The passport is actually a restatement of China’s perceived territorial limits and appears to mirror the extent of the Chinese nation as envisioned in the maps published by Beijing in 1954, and which continue to be taught in China till today. The map, which was part of a textbook titled “A Brief History of Modern China”,claimed to show nineteen of “the Chinese territories taken by the Imperialists in the old Democratic Revolutionary Era (1840-1919)”. These included Nepal, Sikkim, Bhutan, India’s north-east comprising the former states of Assam, NEFA and Nagaland, the Andaman Islands and Burma.
In this context the remark in New Delhi on November 28, 2012, by Li Junru, former vice president of the Central Party School and presently a member of the Chinese Peoples’ Political Consultative Conference (CPPCC), is revealing.
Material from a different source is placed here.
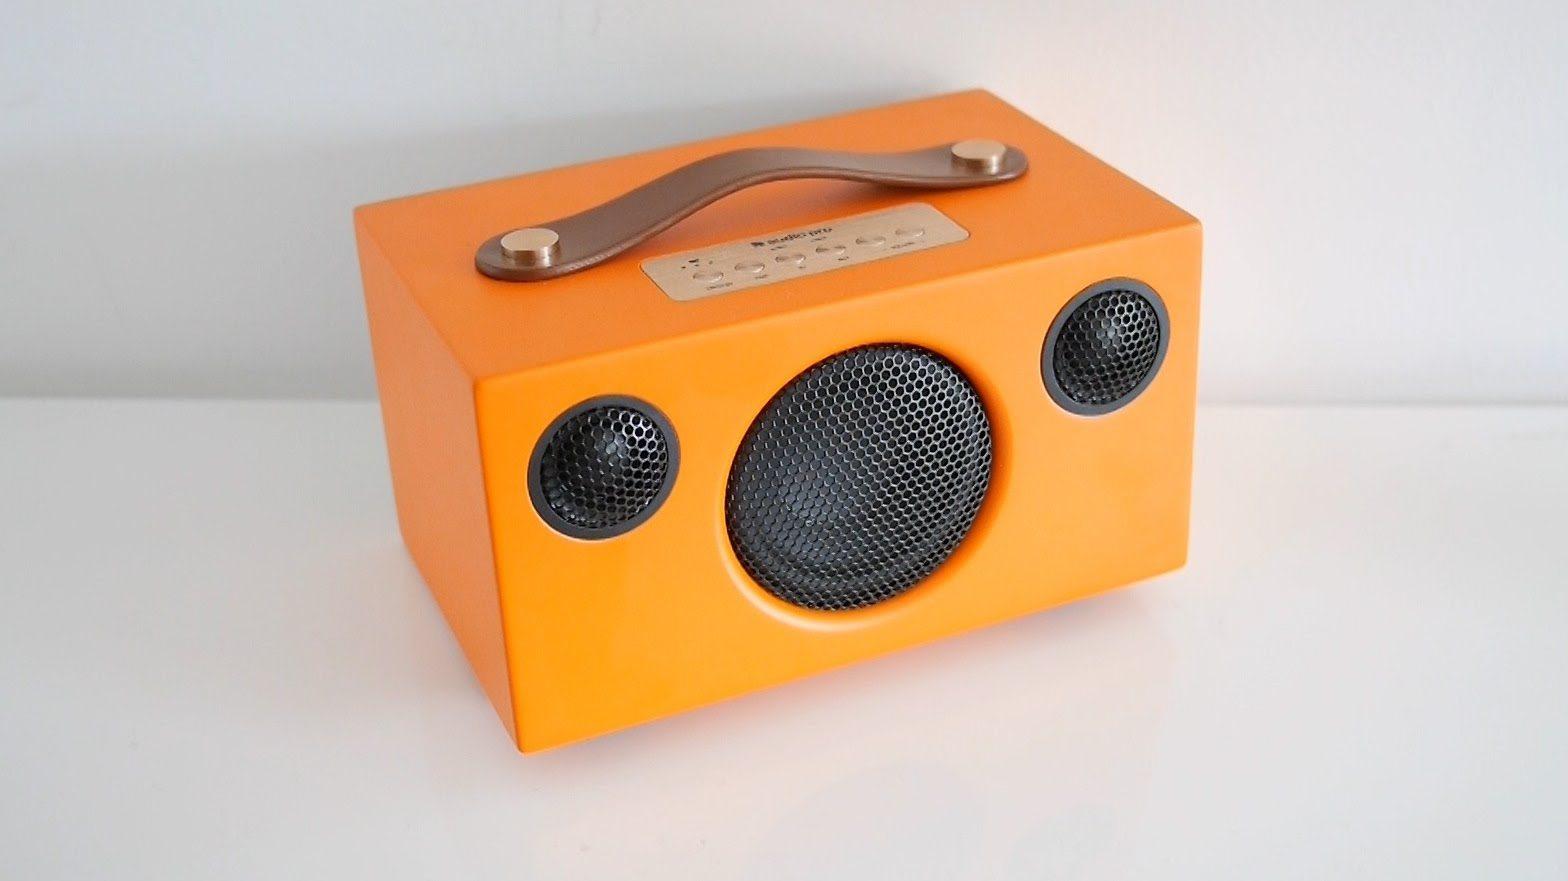 Altavoz portátil Bluetooth. Audio Pro Addon T3

He said: “For us Chinese, starting from primary school students, we all know that from history, from a long time that these are ours, these are our territory and other people say no, it is ours. So what can we do? We are trying to have negotiations and dialogue with relevant parties concerned, and we wish to have dialogues and negotiations in a one-on-one manner. And we don’t want to use force or to intimidate others by our economic or military pressure.”
He added “We want to resolve the issue in a better way … but that does not mean that if somebody flexes muscles, we will just idle and do nothing. China will not act recklessly, but that does not mean that we will give in”.
China has been reviewing its “neighbourhood” policy since last year, with Chinese military strategists and political analysts asserting that the policy of “appeasing” neighbours and “setting aside disputes” is not working. They recommended it be replaced by one which combines cooperation with credible commitments to use of force. The principle of sovereignty and long-term national interests, they affirm, is China’s top priority. China’s new military leadership has already indicated it favours such a policy.
Jayadeva Ranada is a former additional secretary in the Cabinet Secretariat, Government of India.